→ **Work request**
Images should not appear in the copy, yet every line of the listing below must be printed exactly.

→ **Given information**
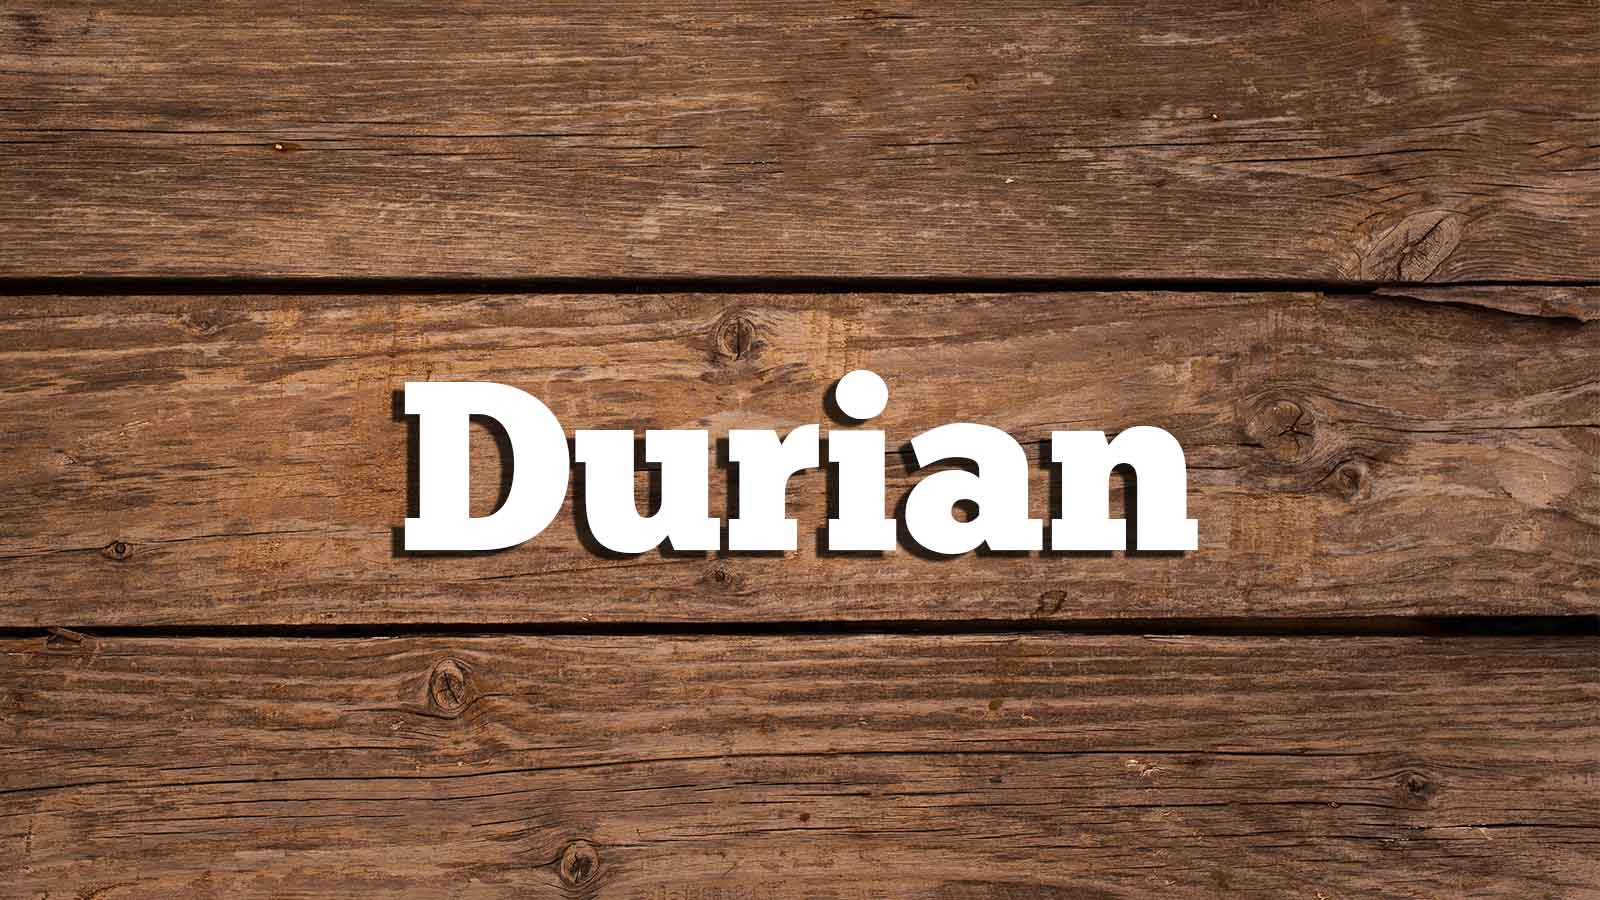 🍒 Most People Can’t Identify All of These Fruits — Can You? Text Durian
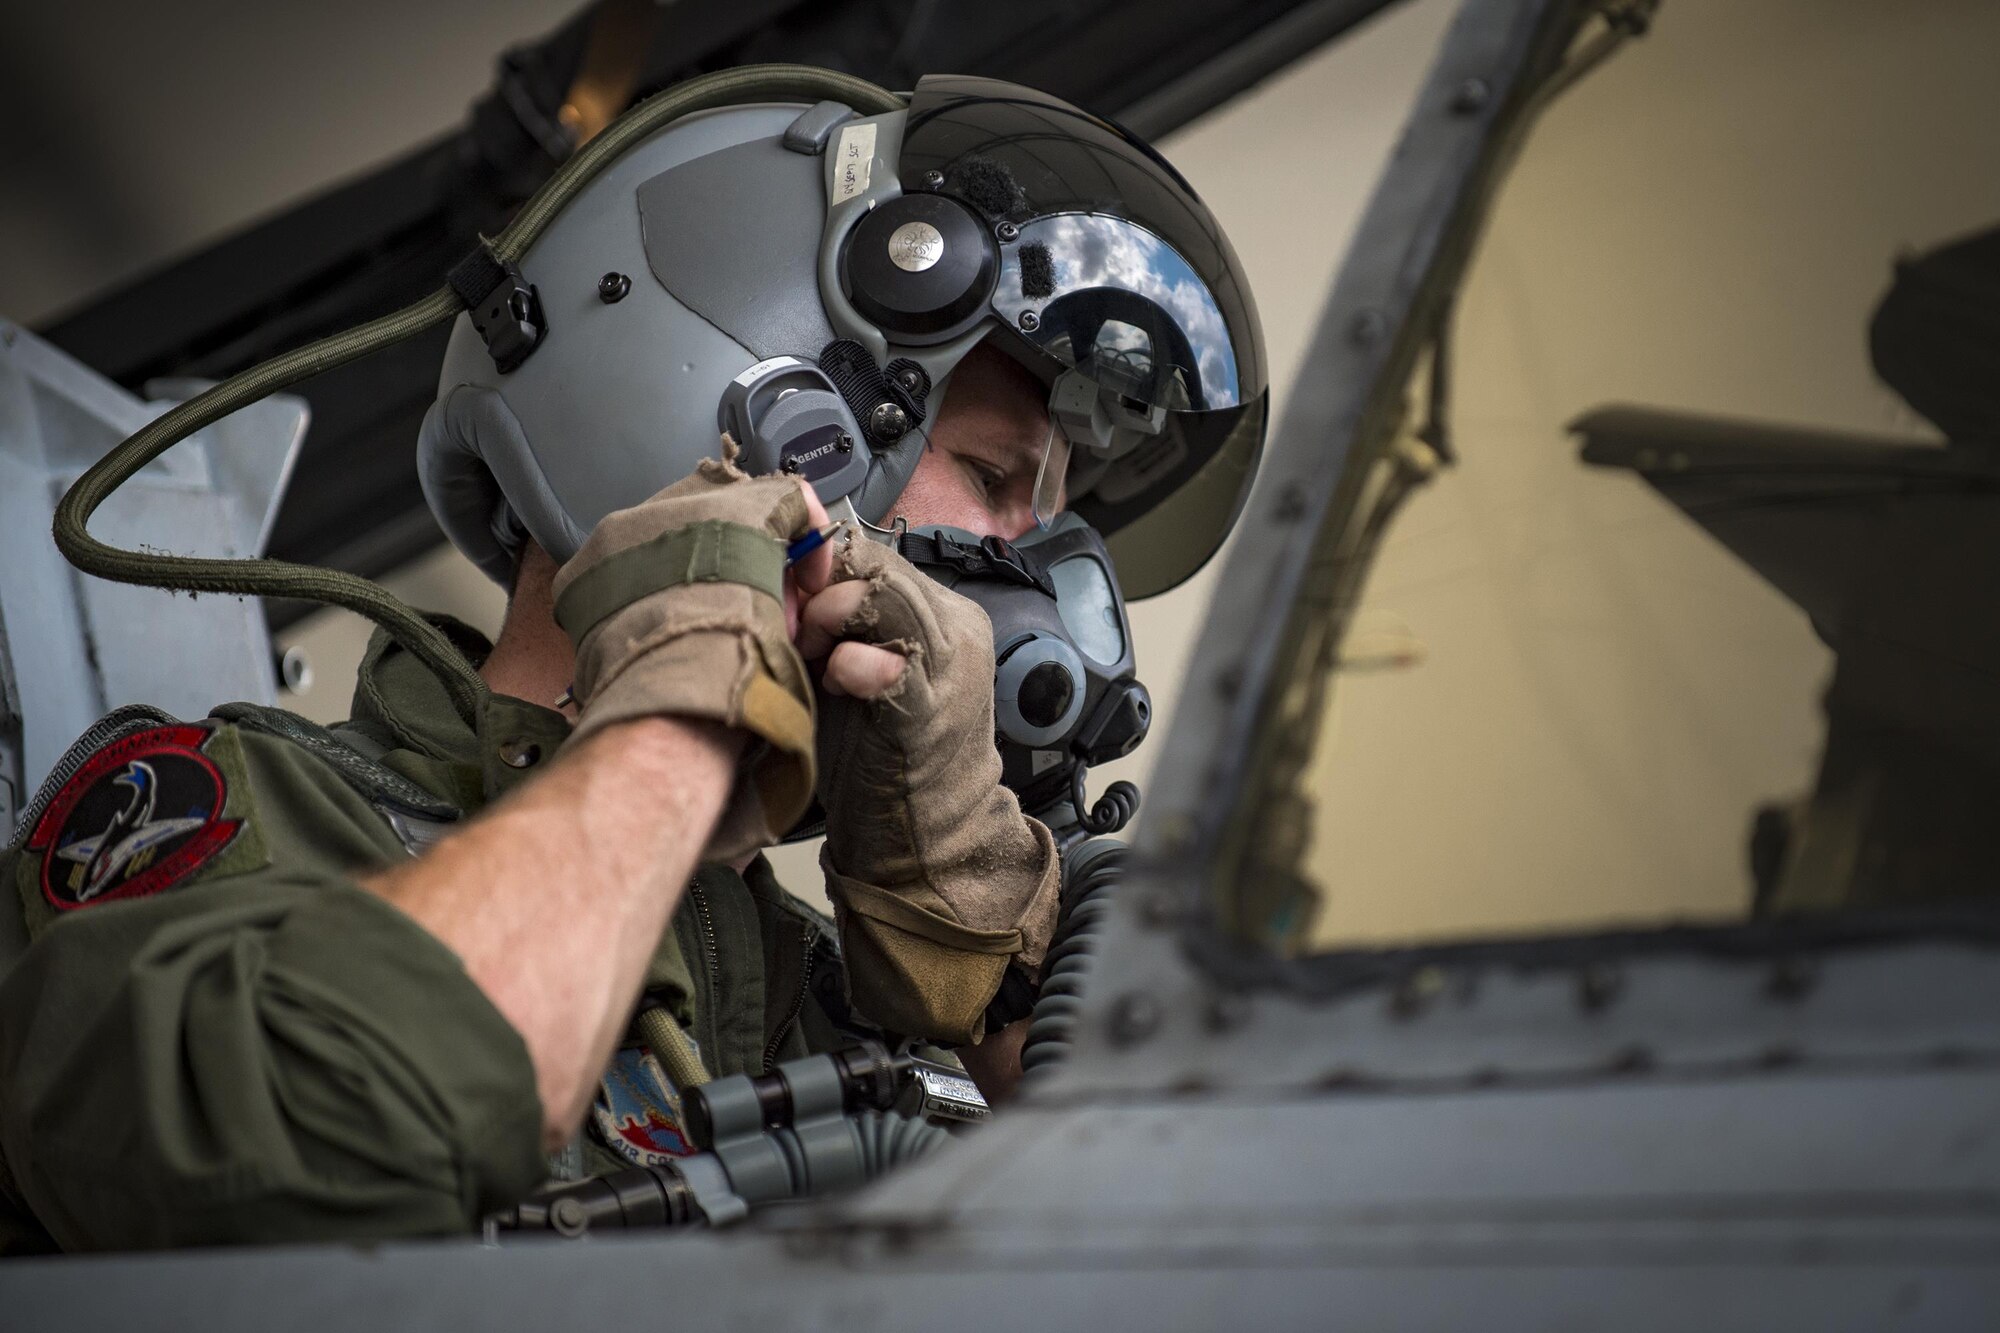 An A-10C Thunderbolt II pilot from the 75th Fighter Squadron fastens his helmet prior to take off, April 28, 2017, at Moody Air Force Base, Ga. The 75th FS departed for Combat Hammer, an air-to-ground exercise hosted at Hill Air Force Base, Utah. The exercise is designed to collect and analyze data on the performance of precision weapons and measure their suitability for use in combat. (U.S. Air Force photo by Andrea Jenkins)
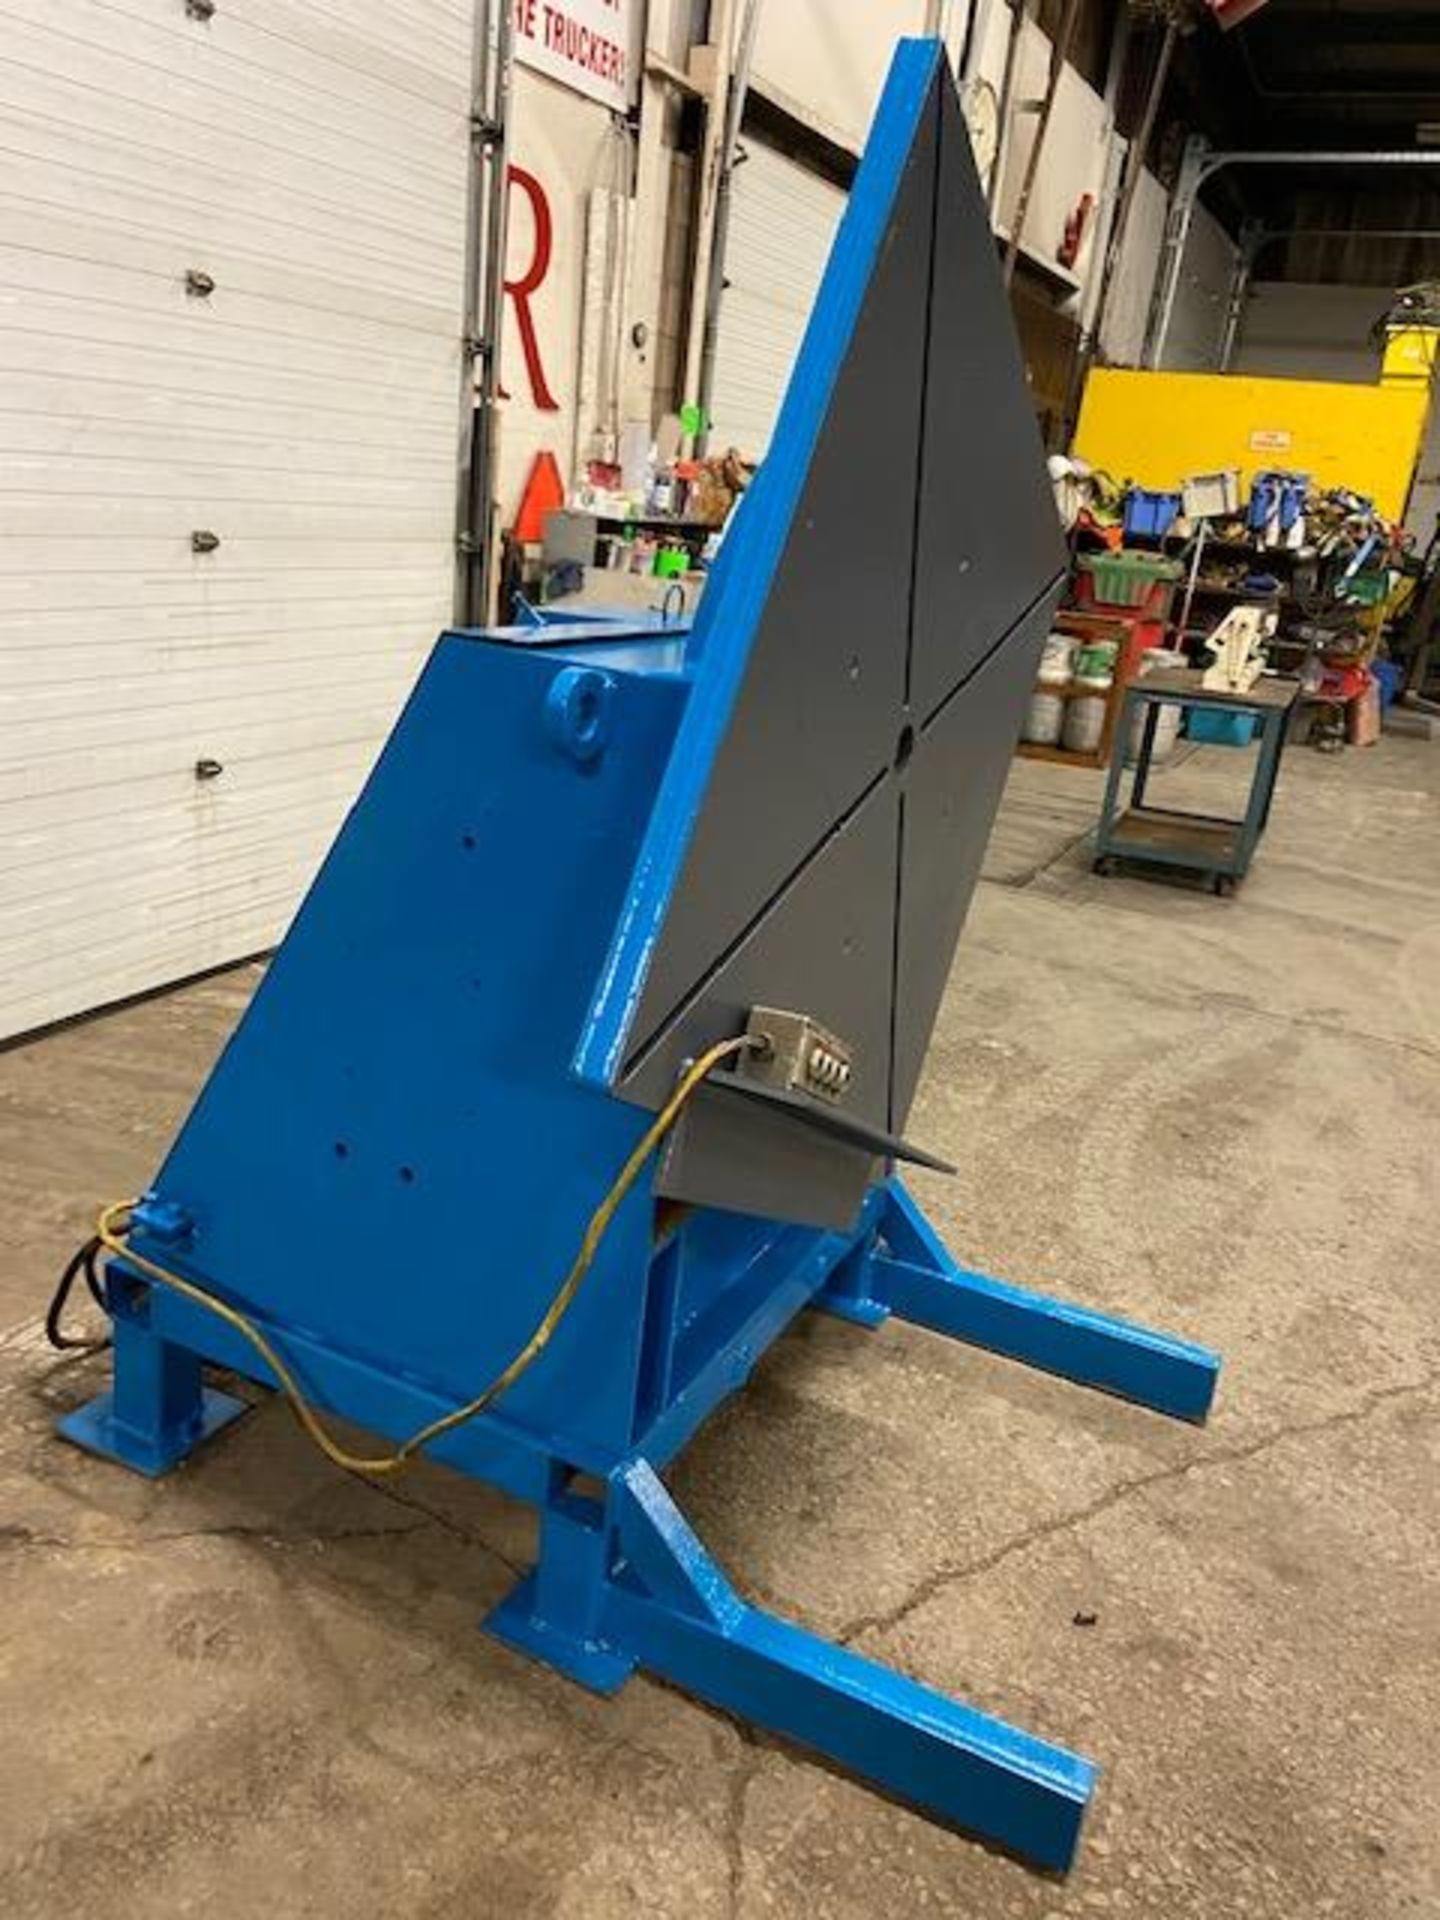 Aronson 7800lbs Welding Positioner Unit - Head Stock Rotator with hand controller pendant - Image 2 of 2
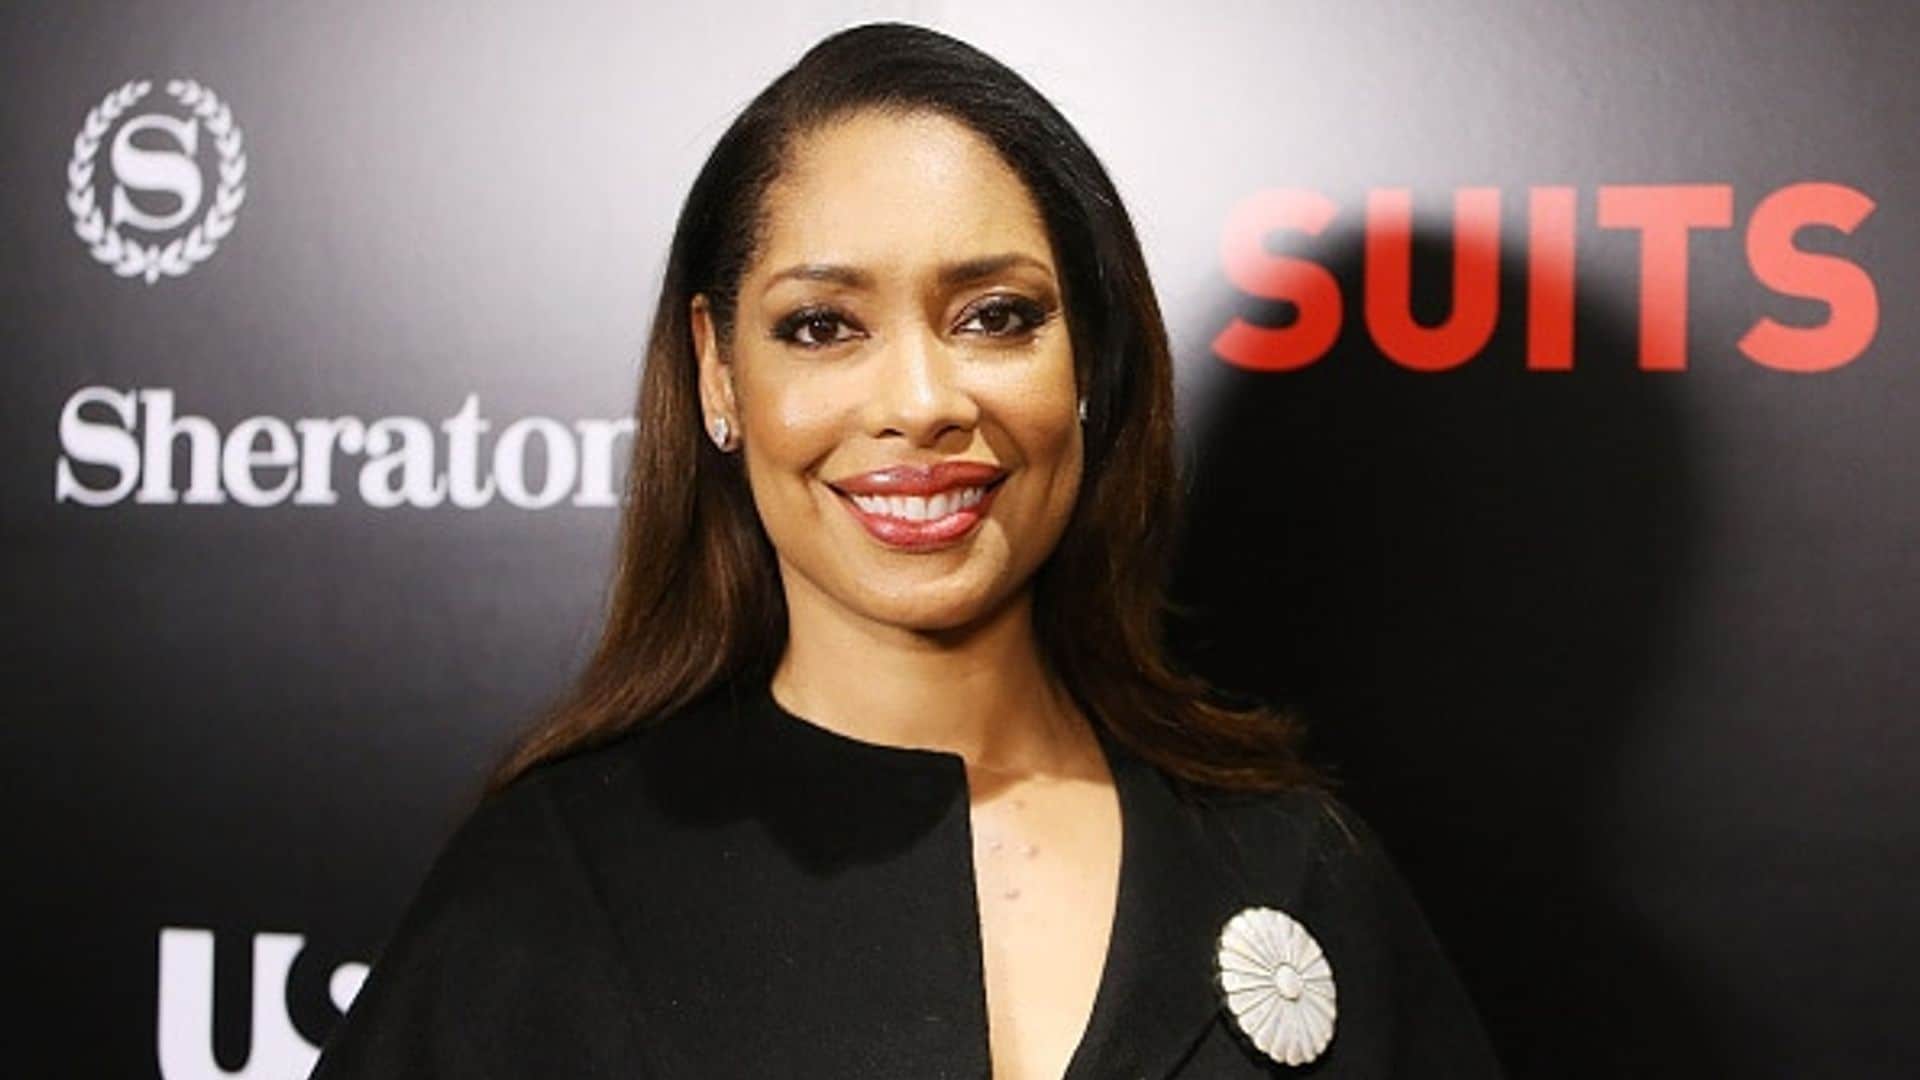 'Suits' star Gina Torres on playing top boss Jessica Pearson and her hopes for daughter Delilah

→ **Task answer**
 🍒 Most People Can’t Identify All of These Fruits — Can You? Text Durian
 An A-10C Thunderbolt II pilot from the 75th Fighter Squadron fastens his helmet prior to take off, April 28, 2017, at Moody Air Force Base, Ga. The 75th FS departed for Combat Hammer, an air-to-ground exercise hosted at Hill Air Force Base, Utah. The exercise is designed to collect and analyze data on the performance of precision weapons and measure their suitability for use in combat. (U.S. Air Force photo by Andrea Jenkins)
 Aronson 7800lbs Welding Positioner Unit - Head Stock Rotator with hand controller pendant - Image 2 of 2
 'Suits' star Gina Torres on playing top boss Jessica Pearson and her hopes for daughter Delilah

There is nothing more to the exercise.